“A Pequena Travessa” agradou o público do SBT

Bianca Rinaldi brilhou na tela do SBT, vivendo a pequena travessa Julia, que teve de se vestir de menino para conseguir arranjar emprego / Arquivo GB Imagem

 “A Pequena Travessa” foi mais uma aposta de Silvio Santos para emplacar a teledramaturgia no SBT. A novela levava o nome do apelido de Júlia (Bianca Rinaldi) que era chamada carinhosamente, quando criança, de “A Pequena Travessa”.

Orfã de mãe, Júlia morava em um conjunto habitacional com o pai, Rafael (Walter Breda), e os irmãos mais novos, Antônio (Caio Romei) e Daniel (Emanoel Dória).

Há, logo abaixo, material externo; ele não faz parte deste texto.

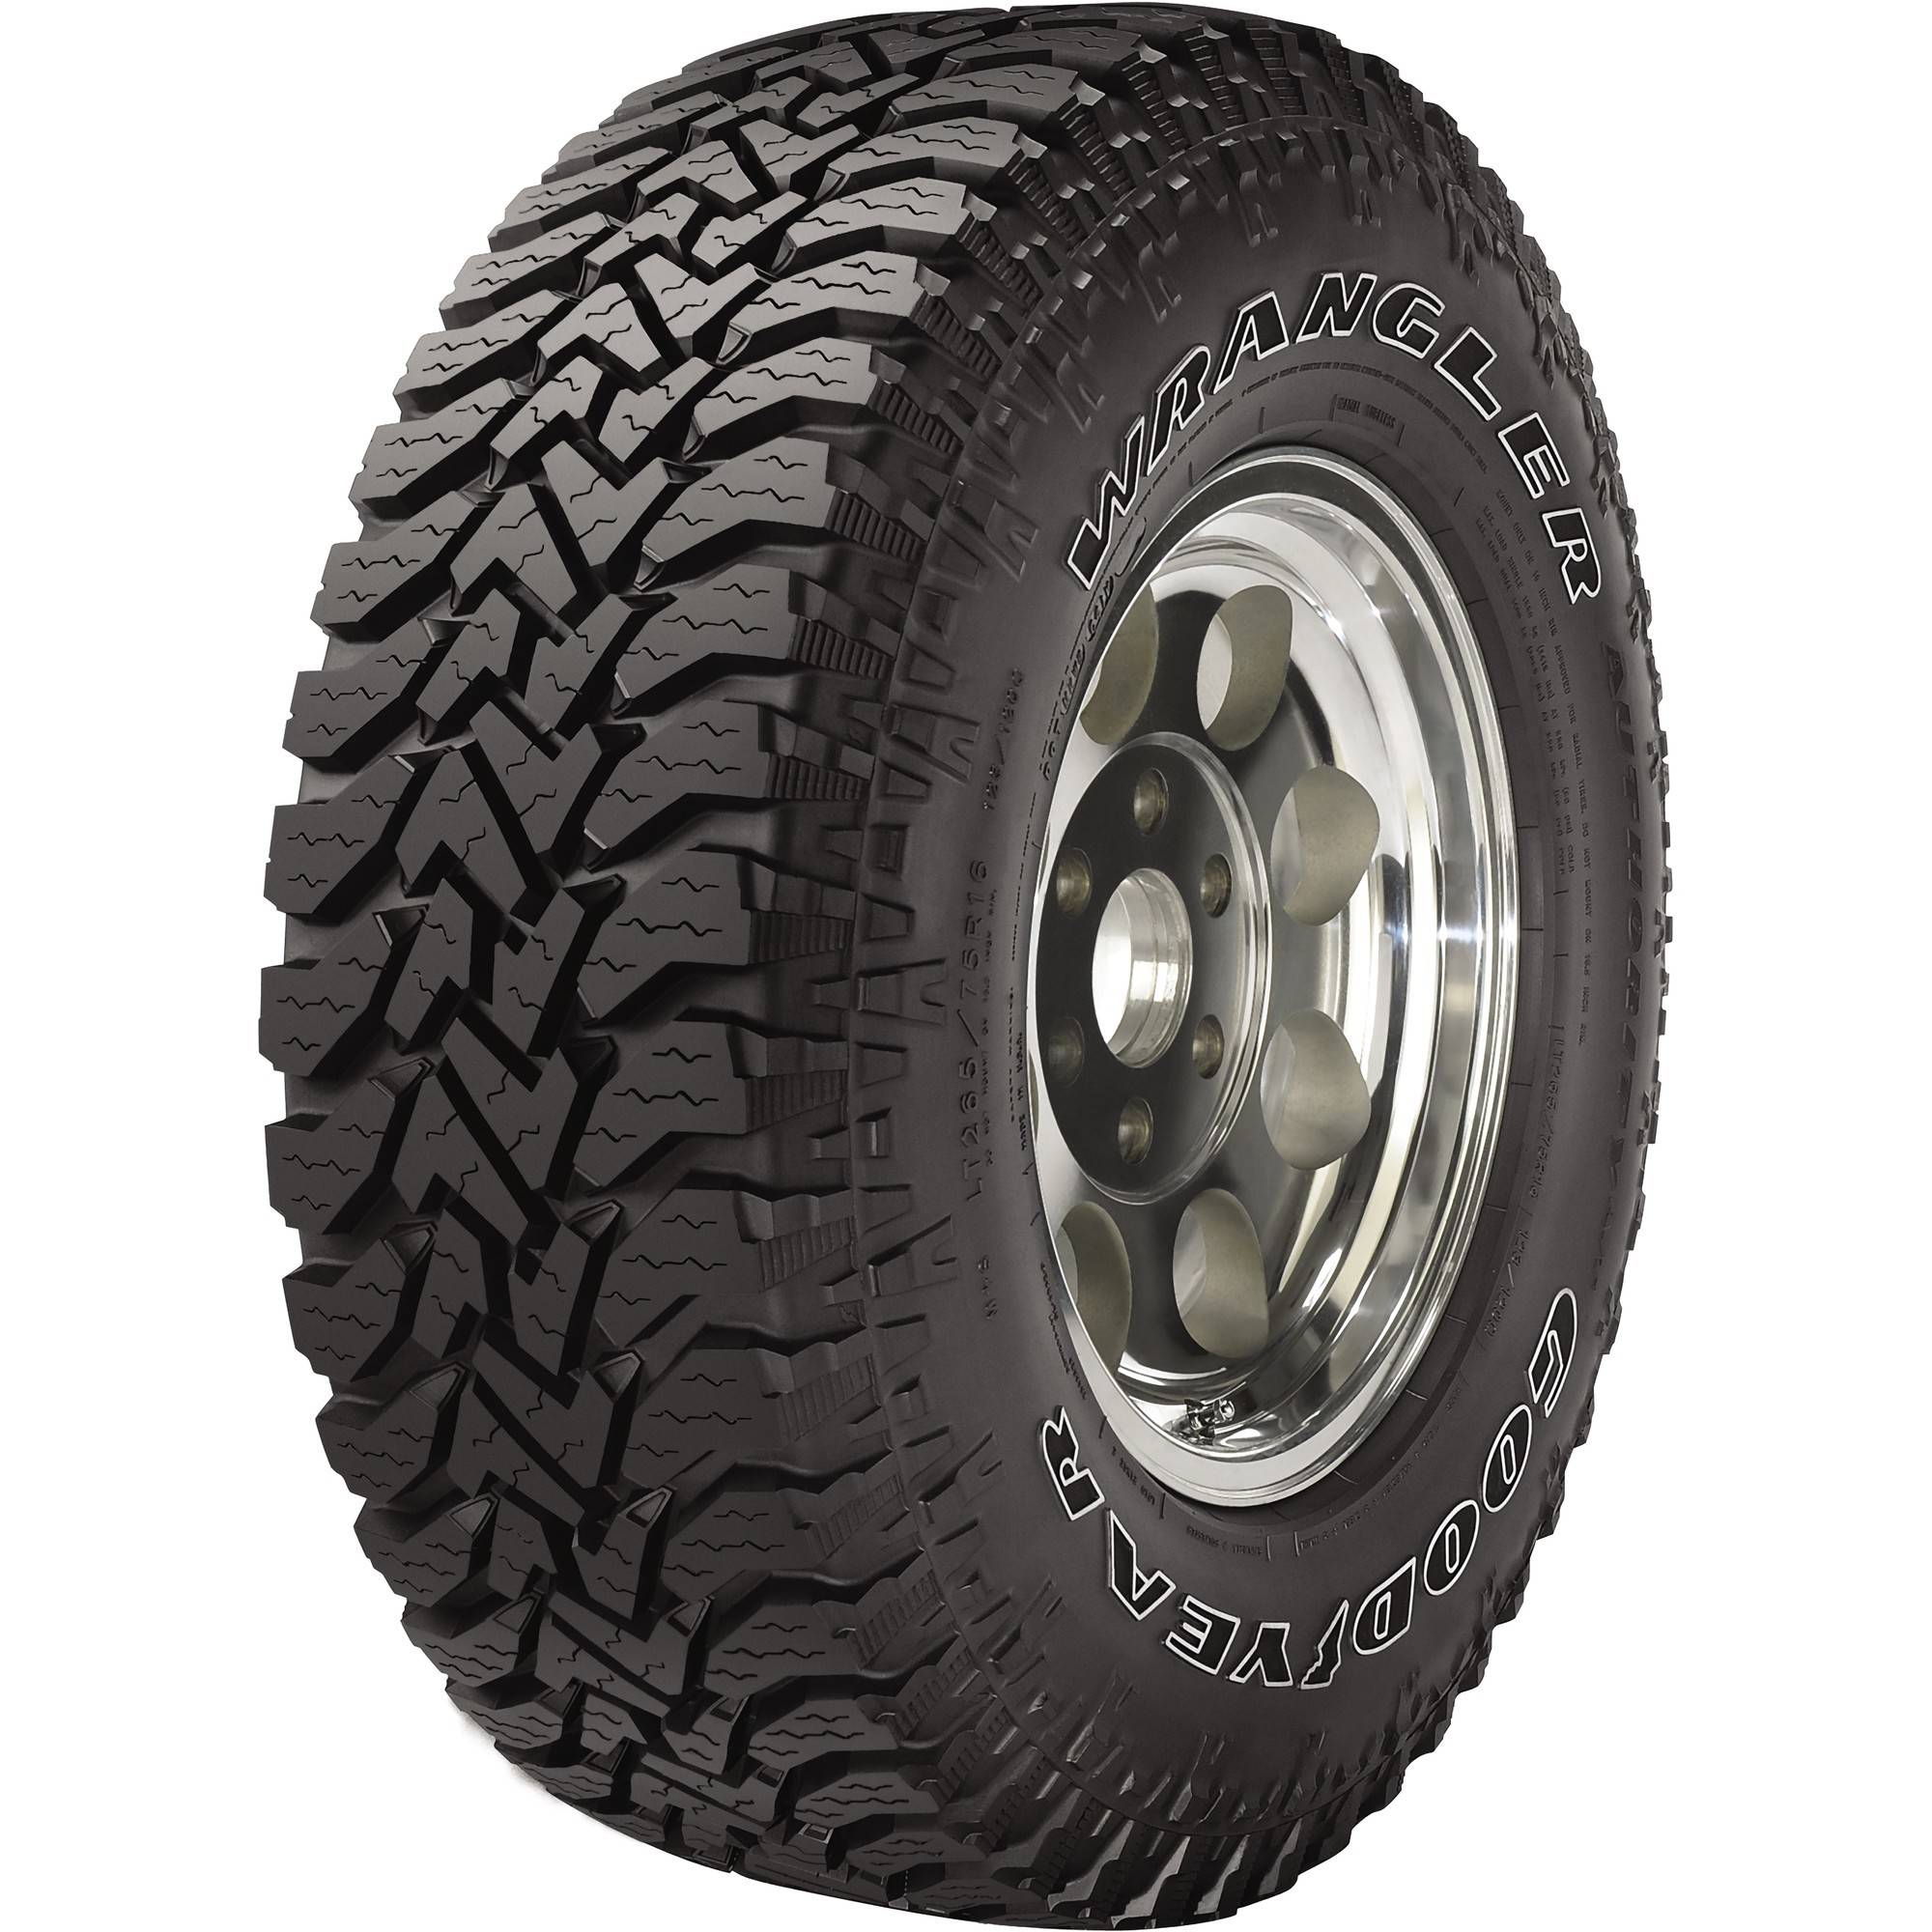 Goodyear Wrangler Authority Tire LT245/75R16E 120Q

Alegre, extrovertida, inteligente e travessa, Júlia era muito querida por todos, especialmente por dois rapazes que cresceram com ela: Caio (Fábio Villa Verde) e Fernando (Nico Puig), também conhecido pelo apelido de Mercúrio. Caio herdou do pai uma marcenaria, era um bom garoto e se preocupava em ajudar as pessoas. Mercúrio era ambicioso, sem escrúpulos e líder de uma gangue, que vivia envolvida com roubos e tráfico. Os dois eram apaixonados por Júlia. Mas o coração de Júlia realmente balançou quando ela conheceu Alberto, (Rodrigo Veronese) um jovem bonito, rico, bom caráter e que acabara de se formar em Direito. Júlia e Alberto se conheceram em um momento muito difícil: o pai de Júlia, Rafael, foi atropelado e levado às pressas para o hospital. Ela recebeu a notícia que seu pai havia ficado paraplégico. Mercúrio tentou falar com ela, mas a moça o ignorou, pretendendo ficar sozinha. Ele insistiu, mas nada adiantou, pois Alberto aparece, para livrá-la de Mercúrio. Nesse momento, nasce um grande amor, mas nenhum dos dois tinha consciência ainda desse sentimento tão forte.

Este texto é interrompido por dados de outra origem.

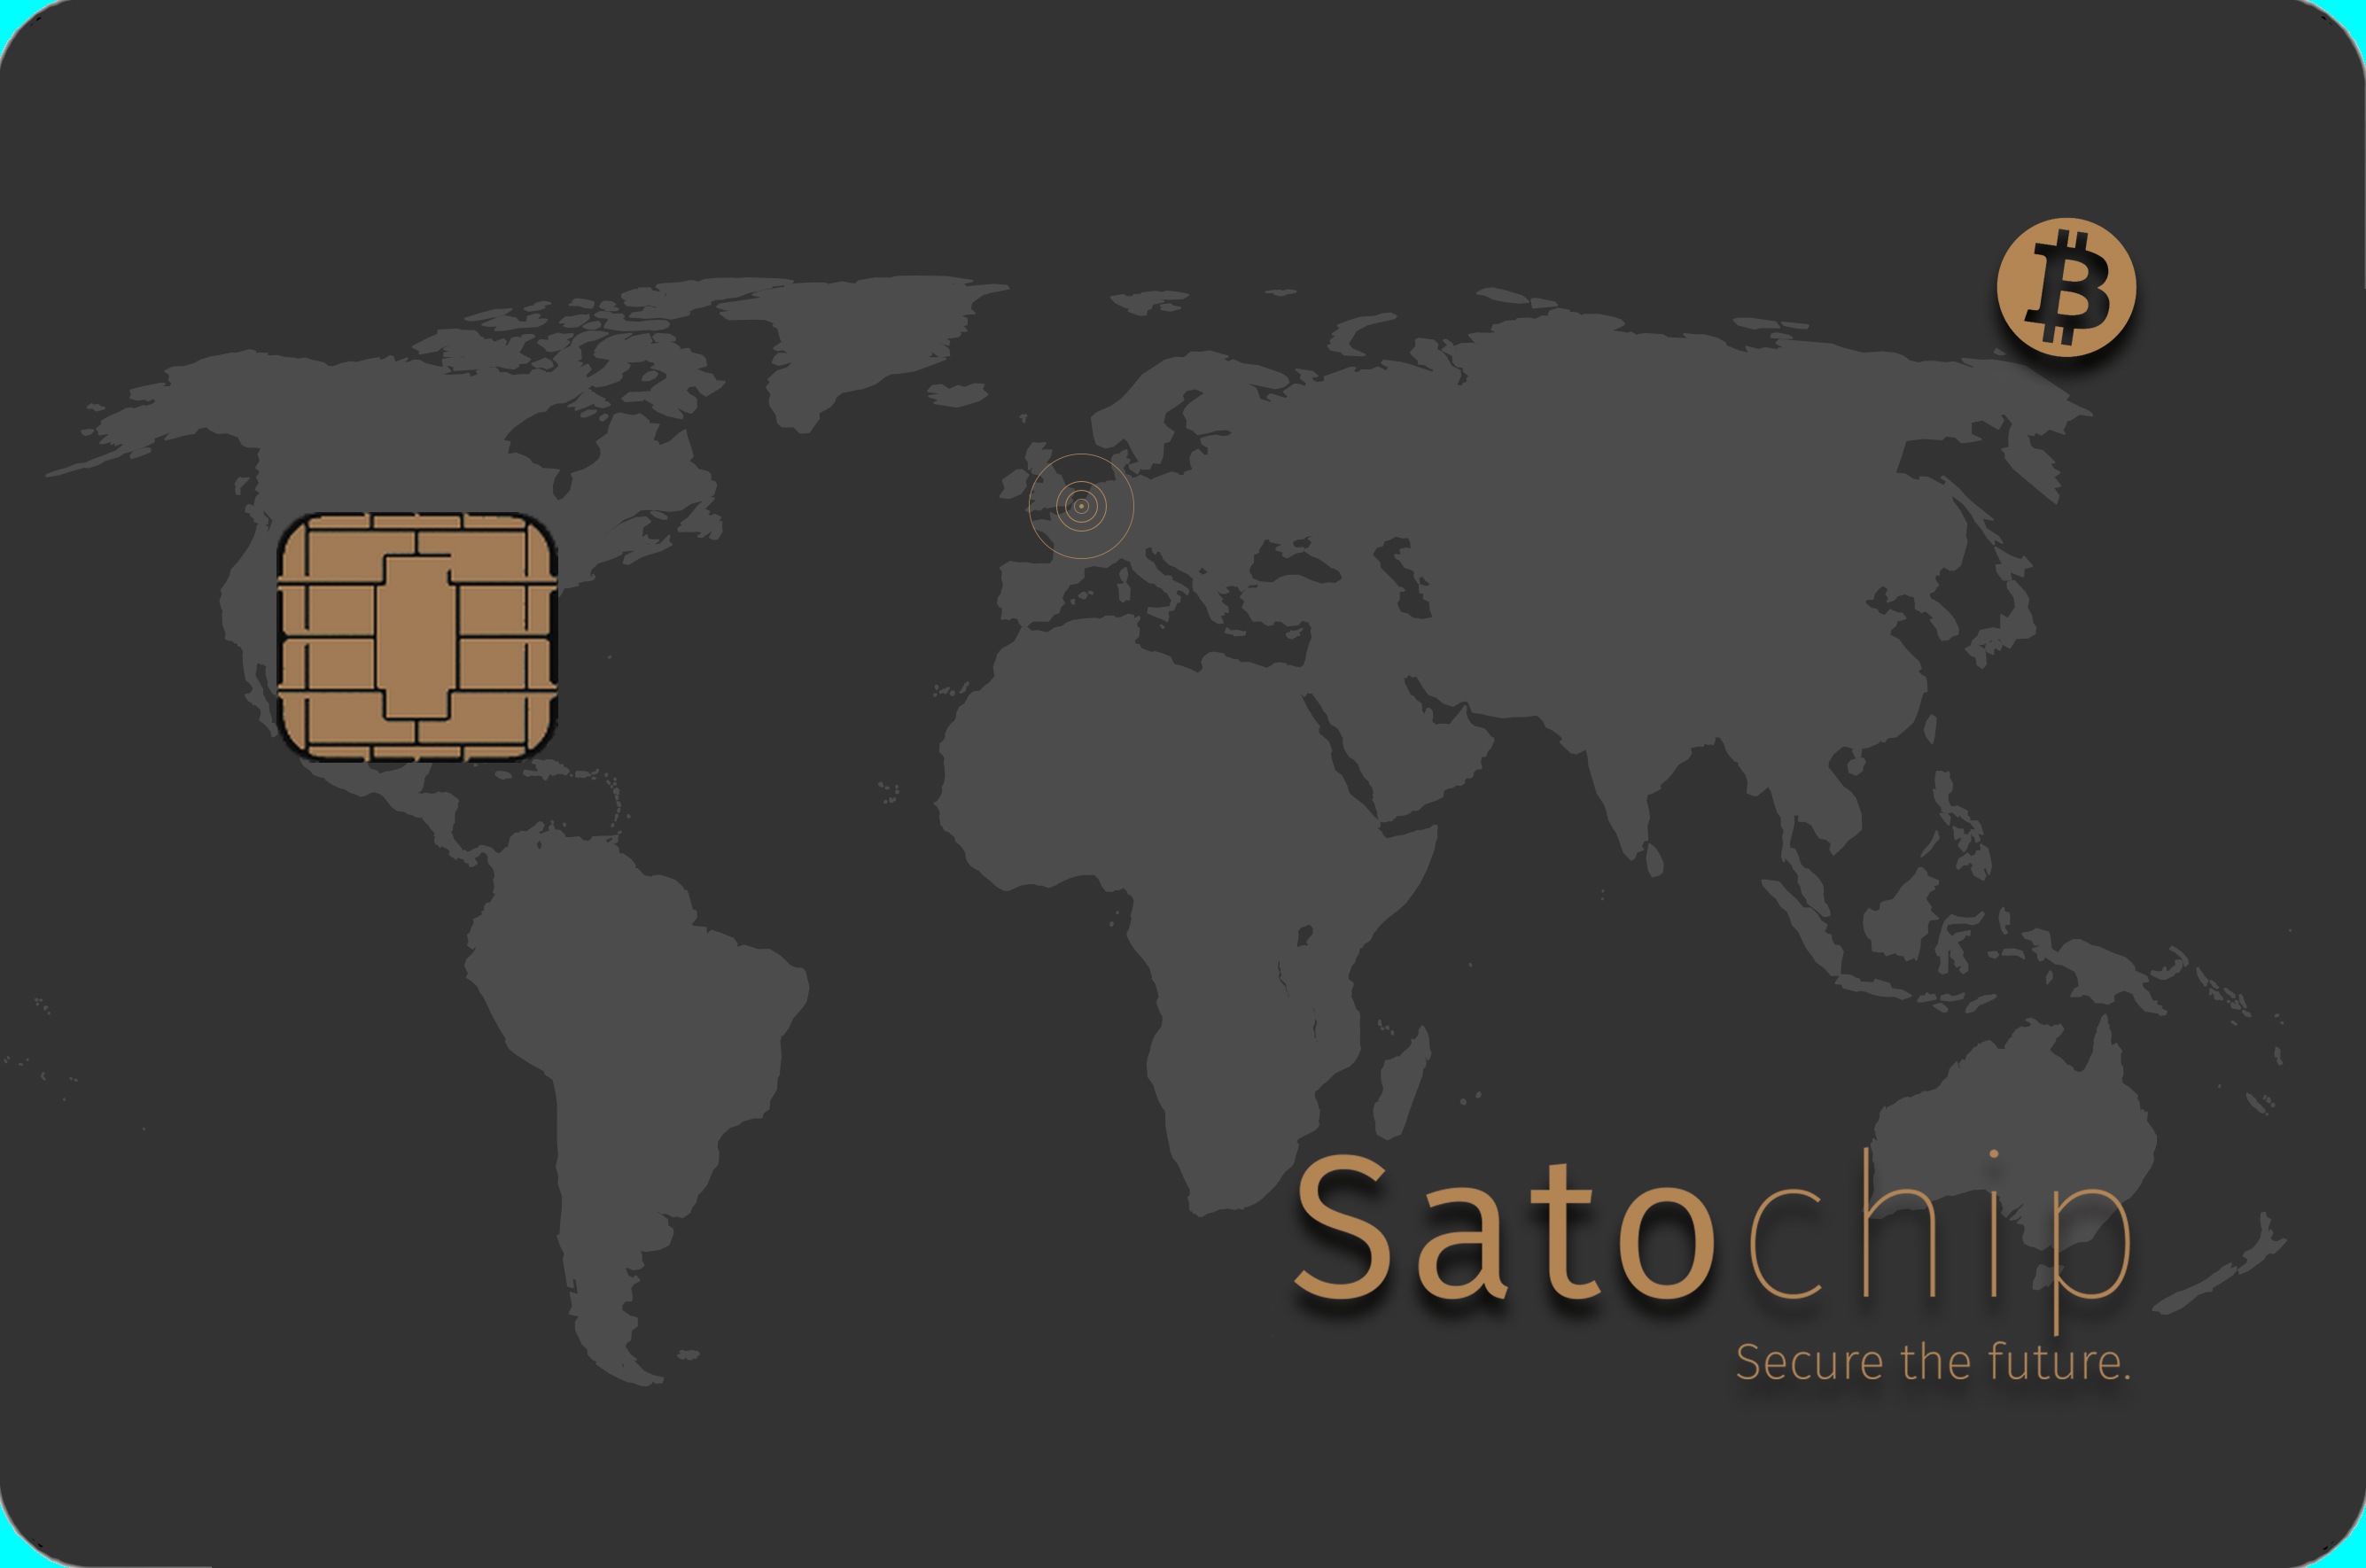 Satochip - Bitcoin hardware wallet

Após o atropelamento de seu pai, Júlia decide trabalhar para sustentar a família. Ela se interessou por um emprego de office-boy na loja Marcello Fantucci (Luís Carlos de Moraes). Mas o dono queria um homem. Então, Júlia tem a ideia de se disfarçar de homem, se transforma, volta à loja e, a partir daí, Júlia vira Júlio.

Esse foi o enredo de “A Pequena Travessa”, claro que Alberto e Júlia só ficaram juntos no final da novela. A drama agradou o público, considerado um dramalhão mexicano com um gostinho brasileiro, que foi ao ar de 4 de novembro de 2002 a 15 de abril de 2003, às 20h15 e posteriormente represada nas tardes da emissora. A novela foi baseada no texto original de Abel Santa Cruz, com tradução e adaptação de Rogério Garcia e Simoni Boer.